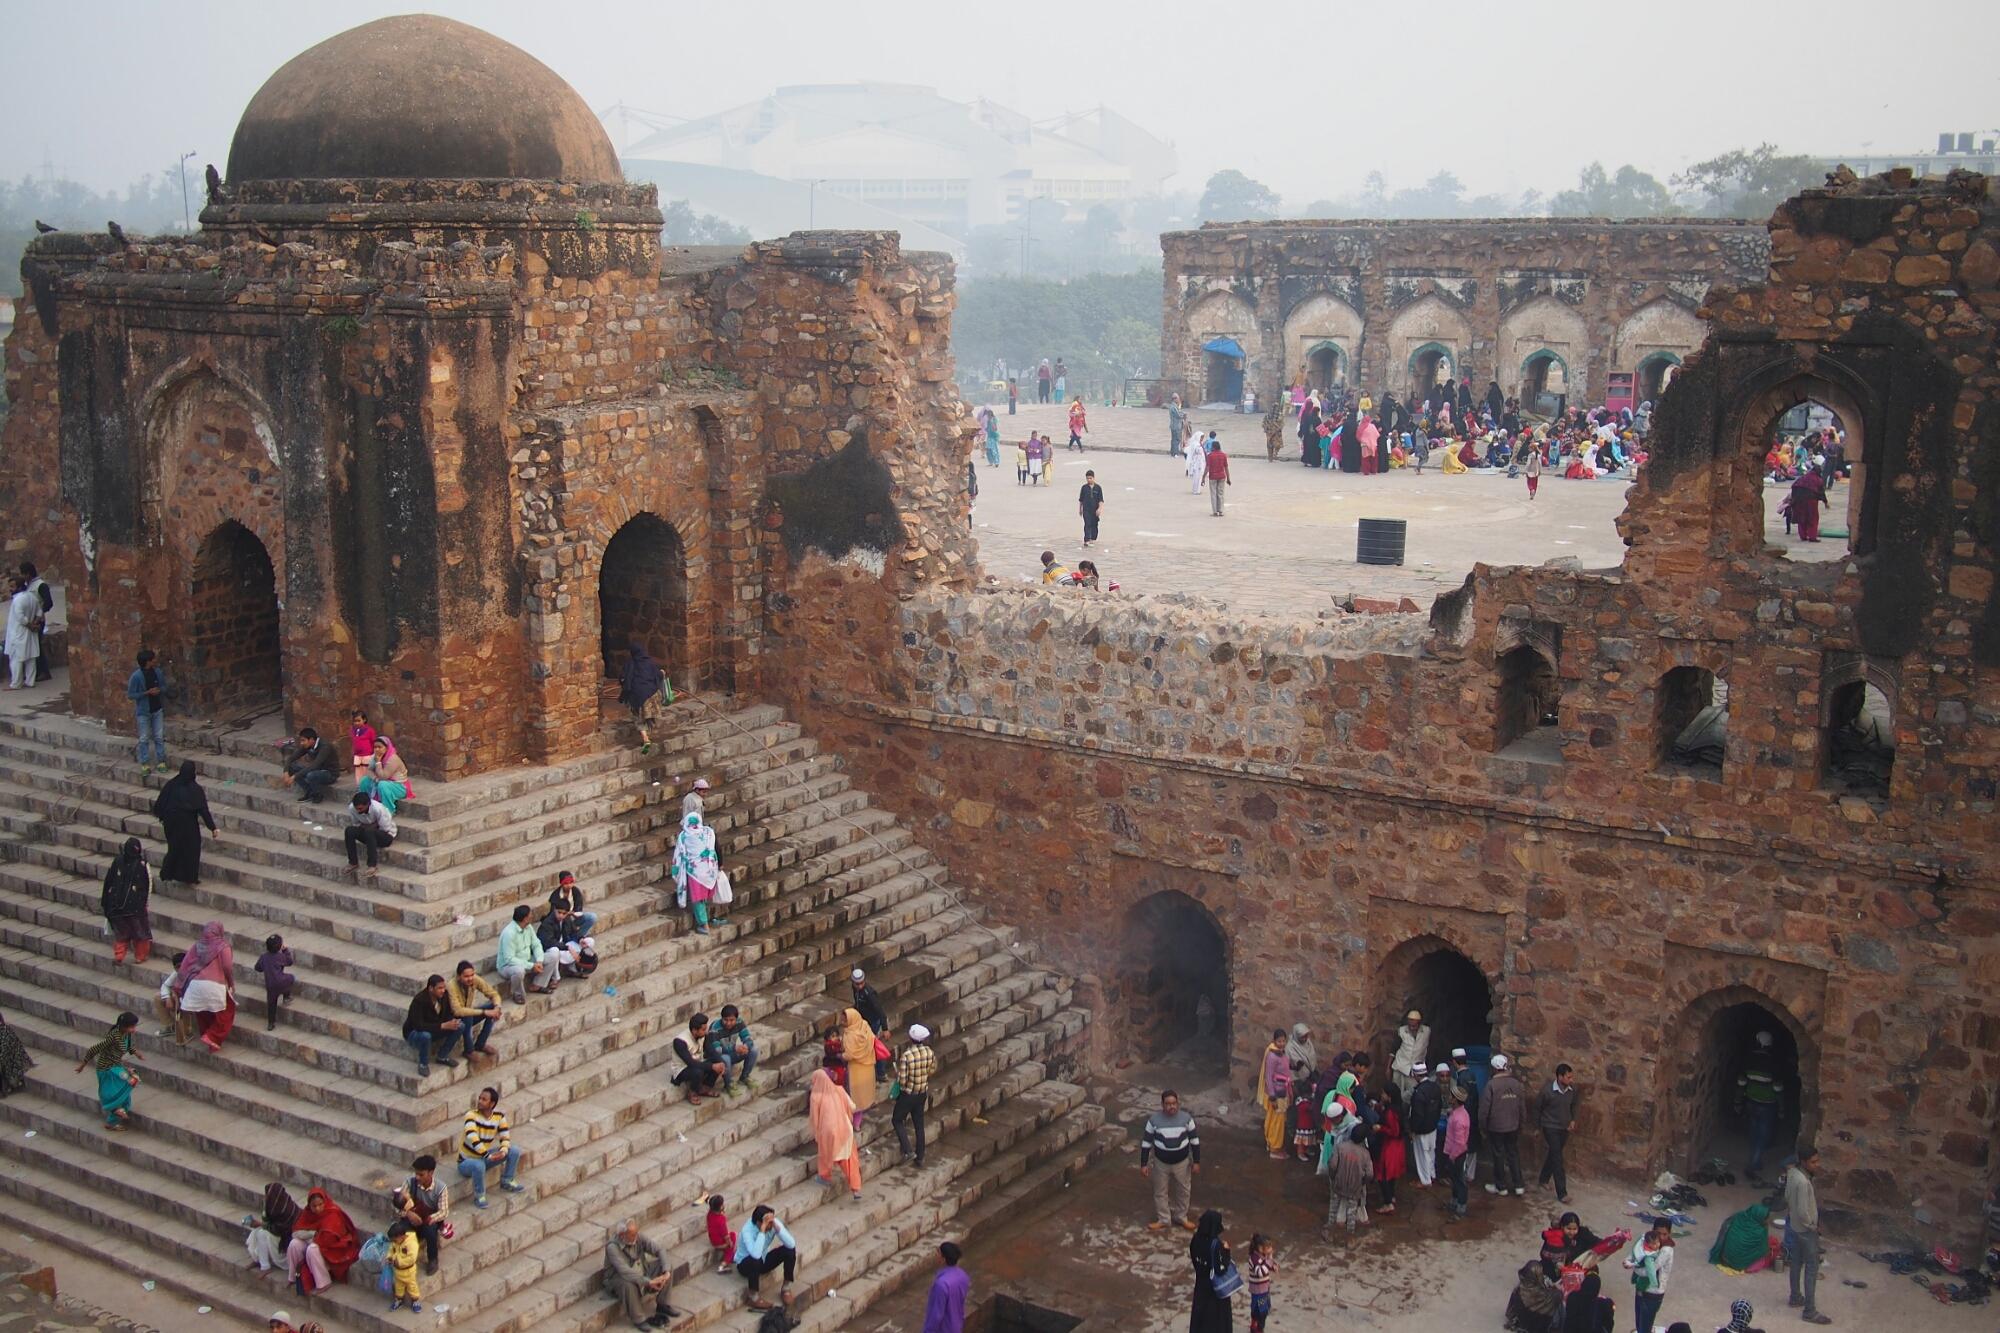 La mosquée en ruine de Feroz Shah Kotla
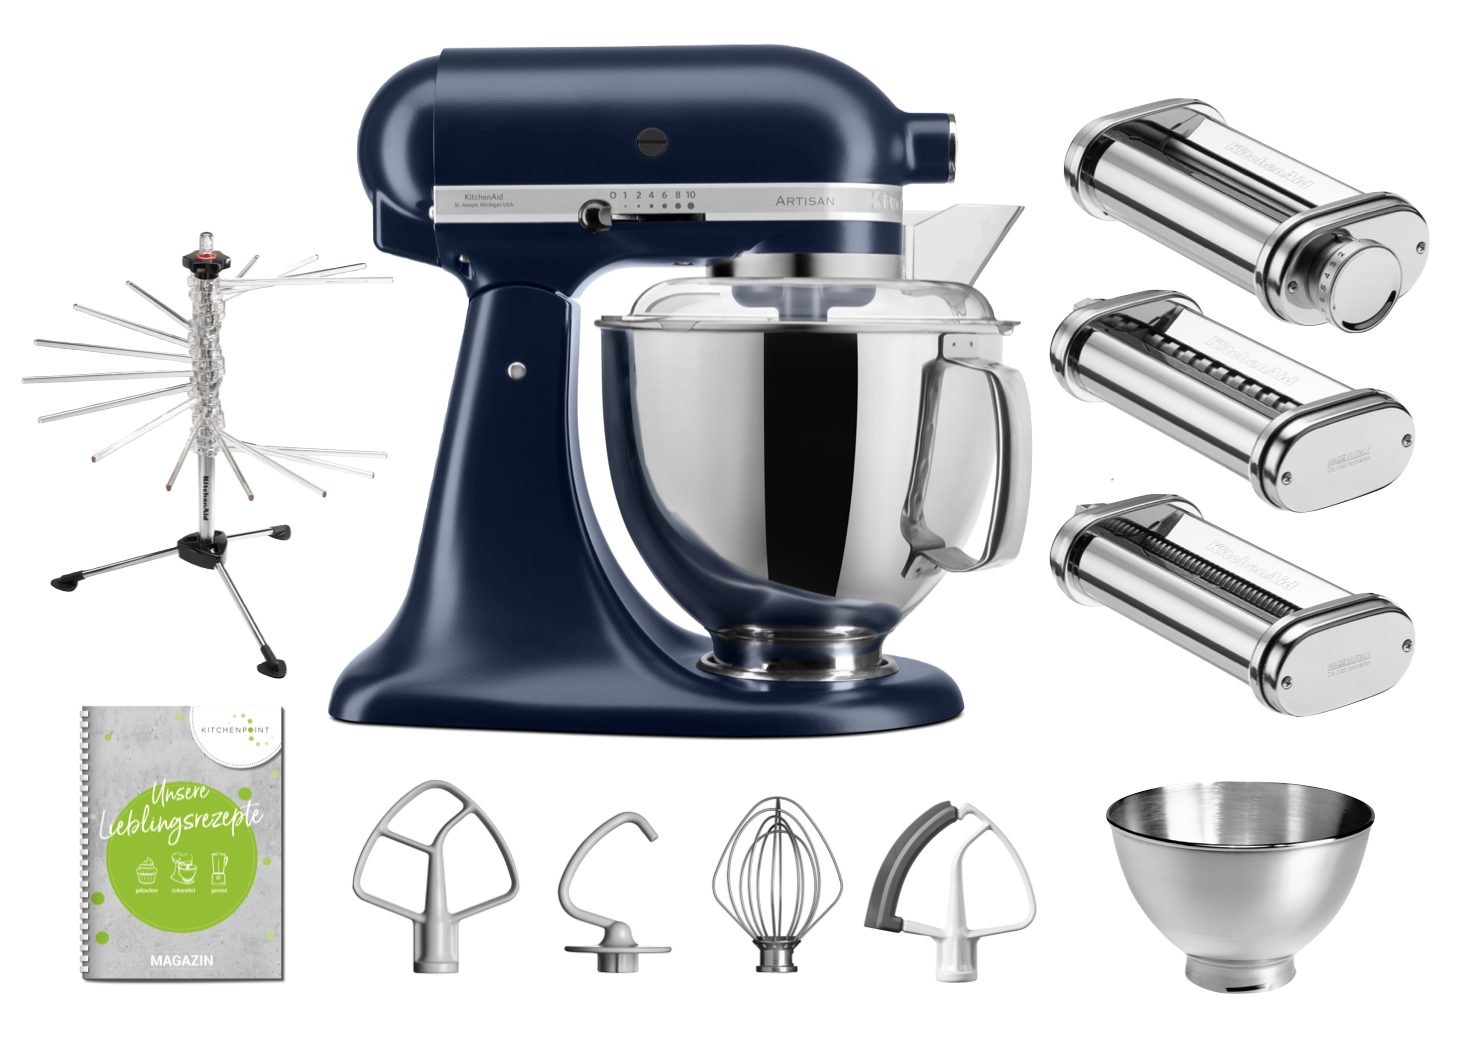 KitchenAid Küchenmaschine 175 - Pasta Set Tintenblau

==

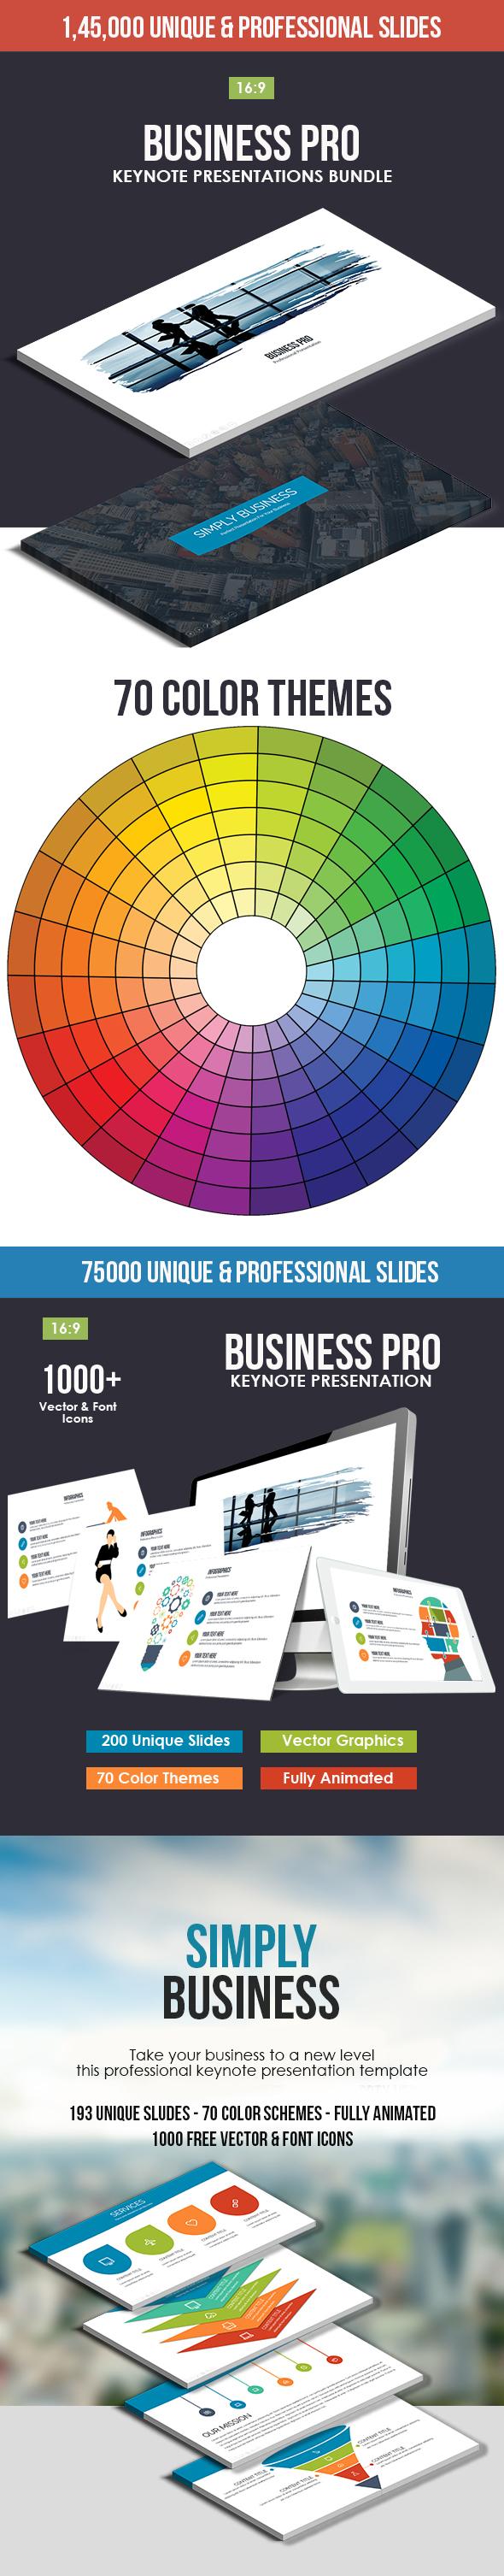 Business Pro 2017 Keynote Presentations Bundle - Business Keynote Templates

TASK OBJECTIVE: Keep to the stretch from the line containing "La mosquée en ruine de Feroz Shah Kotla" through the line containing "KitchenAid Küchenmaschine 175", both ends included, and copy it exactly from the listing above, minus the pictures.

OUTPUT FOR THIS EXERCISE:
 La mosquée en ruine de Feroz Shah Kotla
 KitchenAid Küchenmaschine 175 - Pasta Set Tintenblau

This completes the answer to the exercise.